2.5 Model evaluation

To effectively mitigate the challenges posed by dataset imbalance, we implemented two advanced resampling techniques, namely, Edited Nearest Neighbors (SMOTE-ENN) technique and Adaptive Synthetic Sampling (ADASYN) technique to enhance model accuracy (28, 29). For robust model validation, we employed dual validation strategy: 5-fold cross-validation (CV) and independent validation (IV) to minimize overfitting risk (30).

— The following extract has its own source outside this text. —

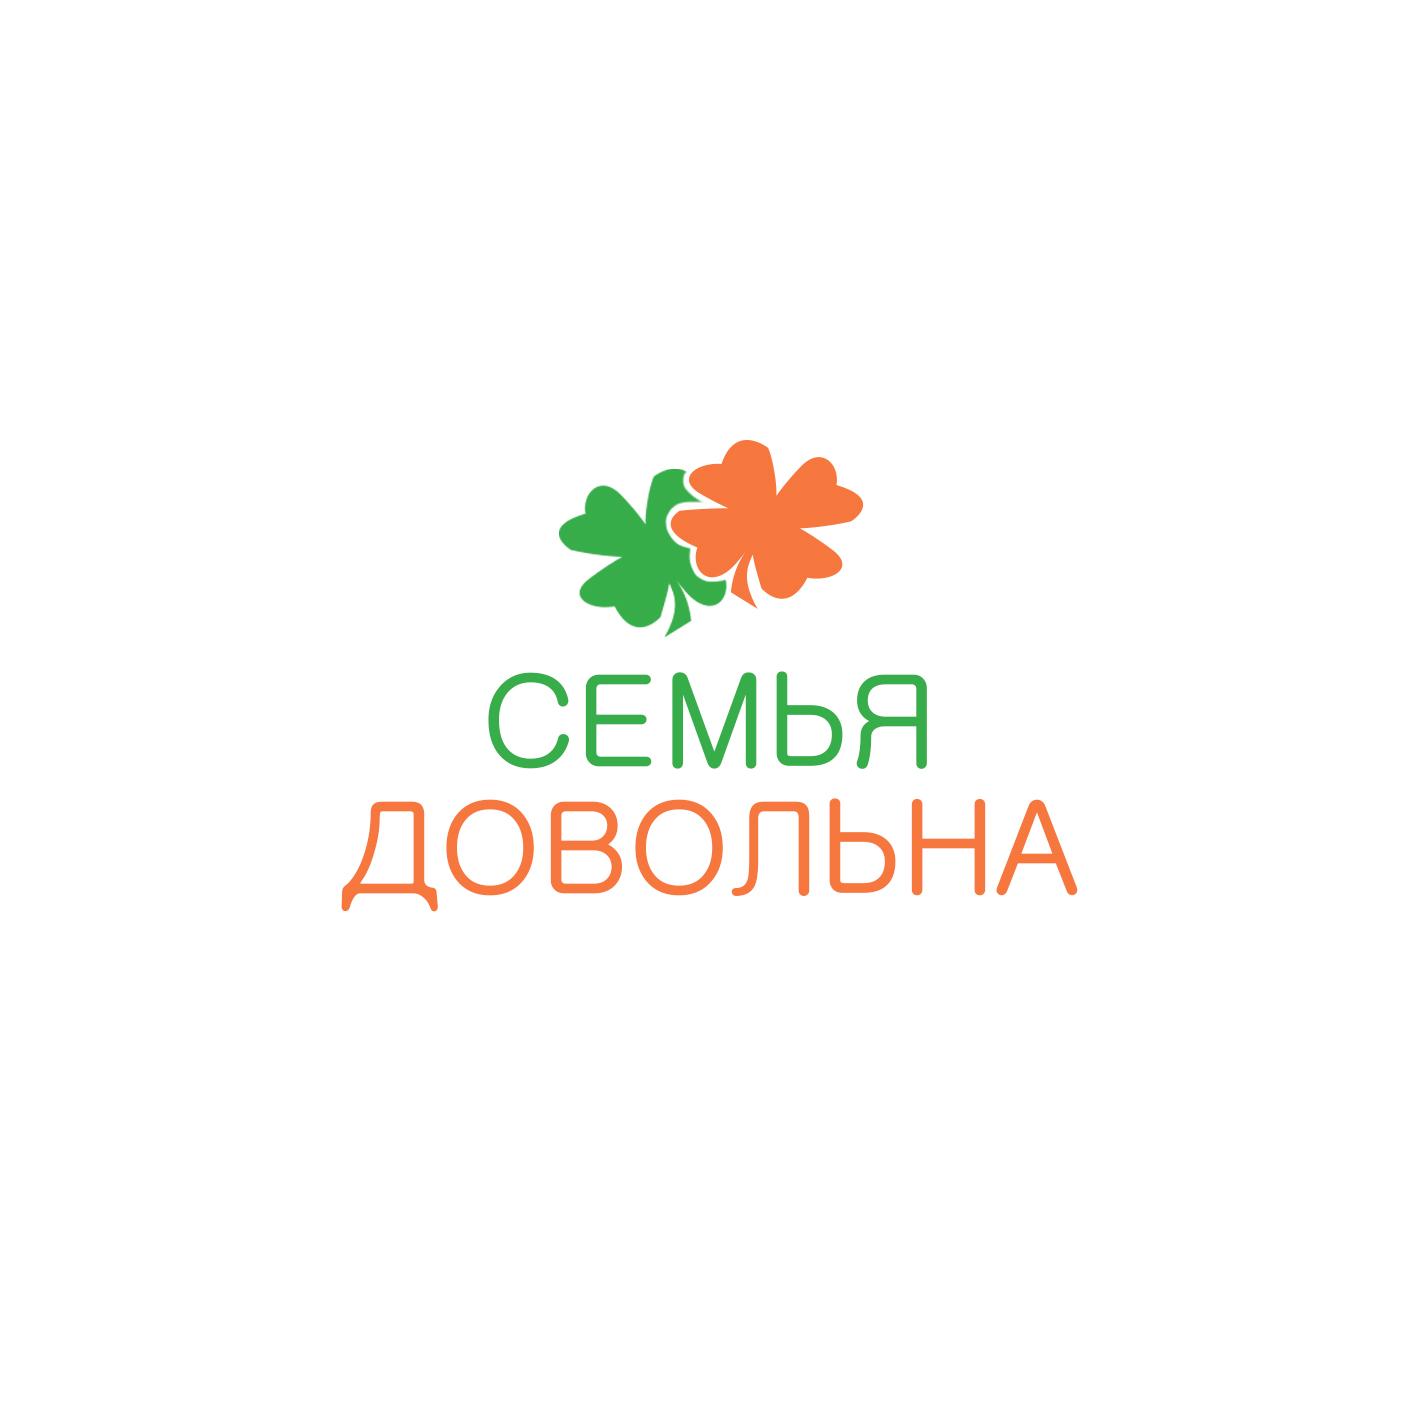 """Разработайте логотип для торговой марки """"Семья довольна"""" фото f_2755b9a7715486fd.jpg"""

The model evaluation incorporated multiple complementary metrics: classification metrics and discriminatory performance. The key classification metrics contained accuracy, precision, recall, and F1-score. The critical parameter of discriminatory performance included receiver operating characteristic (ROC) curve analysis. The area under the curve (AUC) analysis was conducted to evaluate the predictive performance among different models.

2.6 Model explainability

The SHAP algorithm was used to analyze the importance of features and present the contribution of feature variables based on ML model predictions to explain the model’s prediction process (31). To enhance model interpretability and trustworthiness, summary and waterfall plots were constructed to understand the decision-making process better. The ML models randomly generated positive and negative analysis of prediction process.

2.7 Statistical analysis

Descriptive statistics were presented as means with standard deviations (SDs), medians with interquartile ranges, or counts with frequencies, depending on the data type and distribution. Comparisons between groups were conducted using Fisher’s exact test for categorical data and the t-test, Wilcoxon rank-sum test, analysis of variance, or Kruskal–Wallis test for continuous data as appropriate. Patients were divided into two groups according to the in-hospital outcome. The ML models ultimately included variables with p-value less than 0.001. Python programming software (version 3.9) was used in data processing and model evaluation.

3 Results

3.1 Study research design process

The prediction model construction comprises three core components, namely, data preprocessing and standardization, ML models development and validation, models explainability analysis (Figure 1). Initial screening of the MIMIC-IV database identified 3,519 patients, 101 patients were excluded due to less than 24 h ICU duration, 97 patients were excluded for lower gastrointestinal bleeding, and 271 patients were removed for insufficient data more than 20% missing. Ultimately, a total of 3,050 patients were included in the cohort, 625 patients (20.5%) were stratified into AVGIB, and the remaining 2,425 patients (79.5%) were defined as ANGIB, described in Supplementary Table. The cohort of 3,050 AUGIB patients demonstrated an overall mortality rate of 19.15% (n = 584), aligning with established epidemiological data from prior studies (32). The study included 3,050 AUGIB patients with numerous variables, including demographic characteristics, medication history, special interventions, vital signs, medical history, blood transfusions, severity scores, and laboratory results (Table 1).

Figure 1

Figure 1. Technical roadmap for constructing machine learning model. SMOTE-ENN: Synthetic Minority Over-sampling Technique-Edited Nearest Neighbors; ADASYN: Adaptive Synthetic Sampling; LR: logistic regression; DT: decision tree; RF: random forest; GBoost: gradient boosting; AdaBoost: adaptive boosting; XGBoost: eXtreme Gradient Boosting; NB: Naive Bayes; SVM: support vector machine; LightGBM: light gradient-boosting machine; KNN: K-nearest neighbors; ET: extra trees; VC: voting classifier.

Table 1

Table 1. Clinical characteristics of AUGIB patients in MIMIC-IV database.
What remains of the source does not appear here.